Before AVX, the only variable-control shuffle was SSSE3 pshufb
. (_mm_shuffle_epi8
). That's still the only 128-bit (or in-lane) integer shuffle instruction in AVX2 and I think AVX512.
AVX1 added some in-lane 32-bit variable shuffles, like vpermilps
(_mm_permutevar_ps
). AVX2 added lane-crossing integer and FP shuffles, but somewhat strangely no 128-bit version of vpermd
. Perhaps because Intel microarchitectures have no penalty for using FP shuffles on integer data. (Which is true on Sandybridge family, I just don't know if that was part of the reasoning for the ISA design). But you'd think they would have added __m128i
intrinsics for vpermilps
if that's what you were "supposed" to do. Or maybe the compiler / intrinsics design people didn't agree with the asm instruction-set people?

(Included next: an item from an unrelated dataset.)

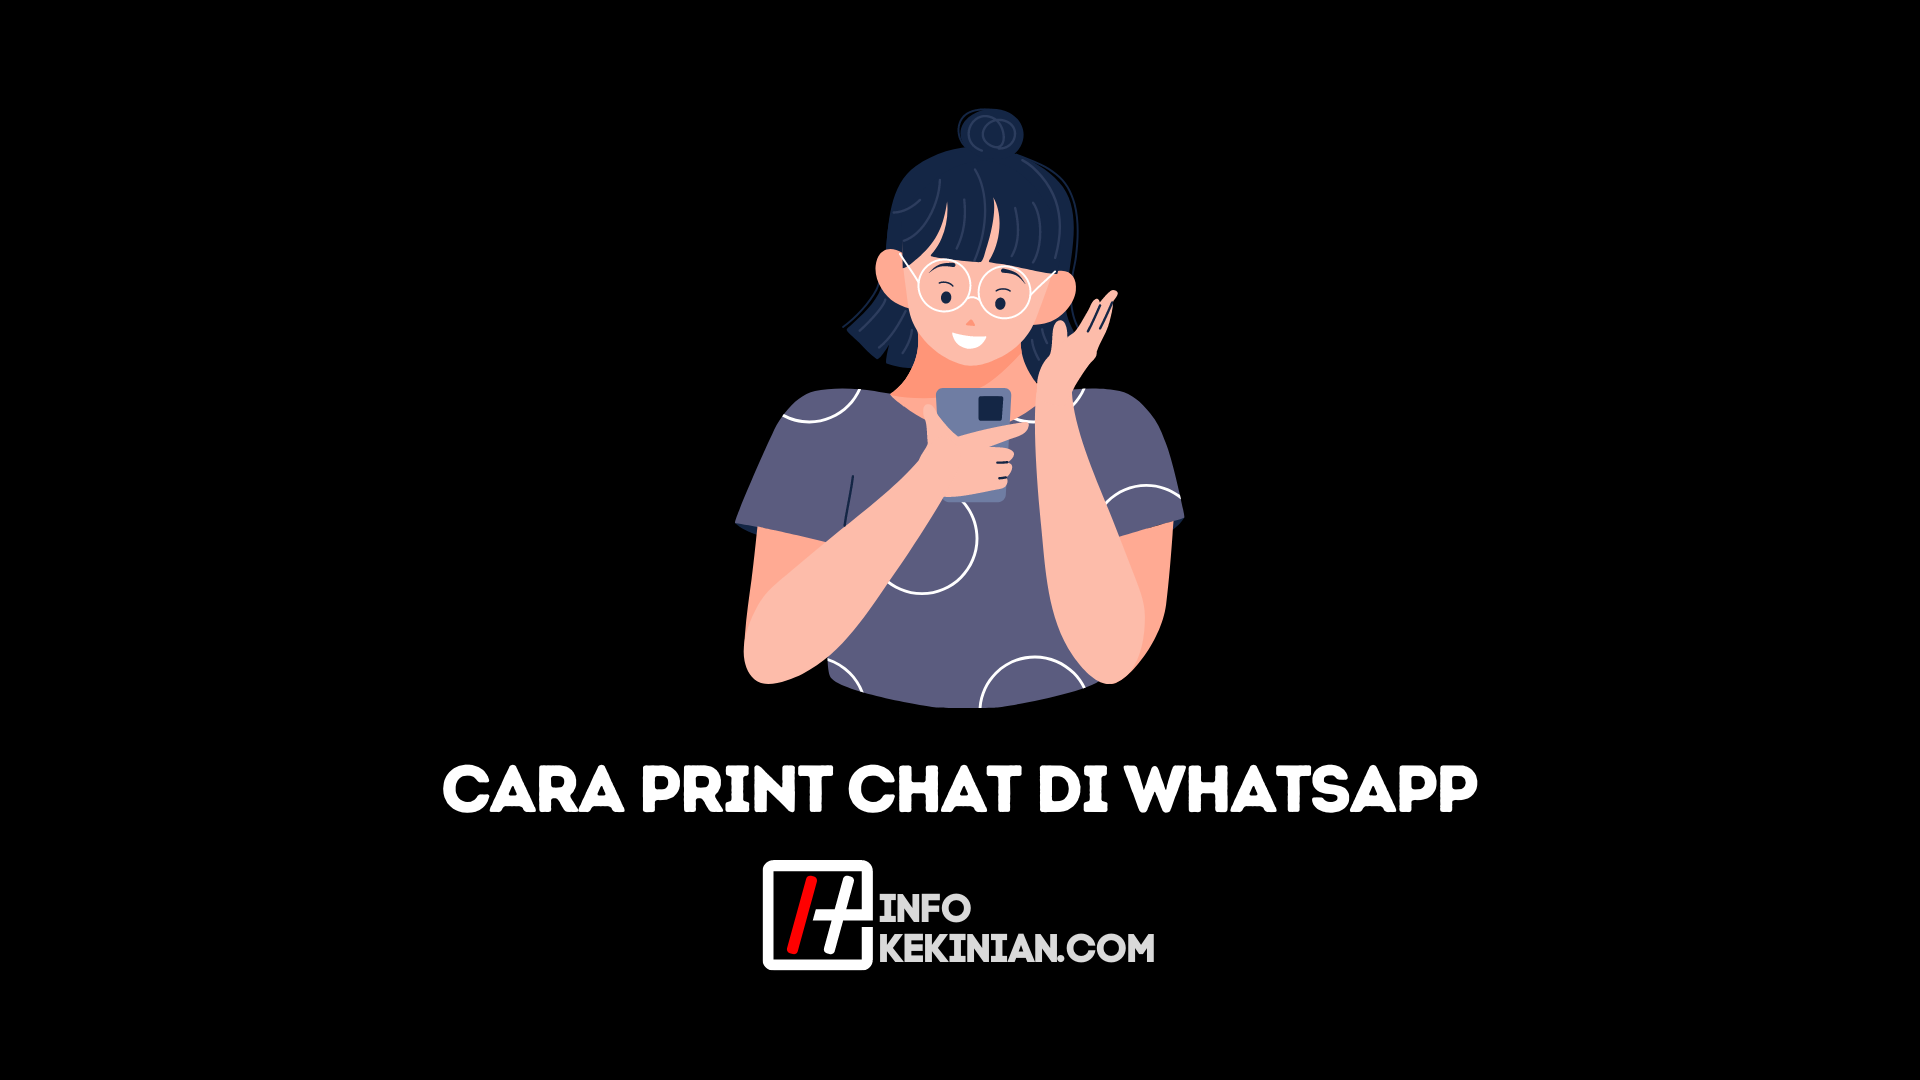 List of How to Print WhatsApp Chats

If you have a runtime-variable vector of 32-bit indices and want to do a shuffle with 32-bit granularity, by far your best bet is to just use AVX _mm_permutevar_ps
.
_mm_castps_si128( _mm_permutevar_ps (_mm_castsi128_ps(a), idx) )
On Intel at least, it won't even introduce any extra bypass latency when used between integer instructions like paddd
; i.e. FP shuffles specifically (not blends) have no penalty for use on integer data in Sandybridge-family CPUs.
If there's any penalty on AMD Bulldozer or Ryzen, it's minor and definitely cheaper than the cost of calculating a shuffle-control vector for (v)pshufb
.
Using vpermd ymm
and ignoring the upper 128 bits of input and output (i.e. by using cast intrinsics) would be much slower on AMD (because its 128-bit SIMD design has to split lane-crossing 256-bit shuffles into several uops), and also worse on Intel where it makes it 3c latency instead of 1 cycle.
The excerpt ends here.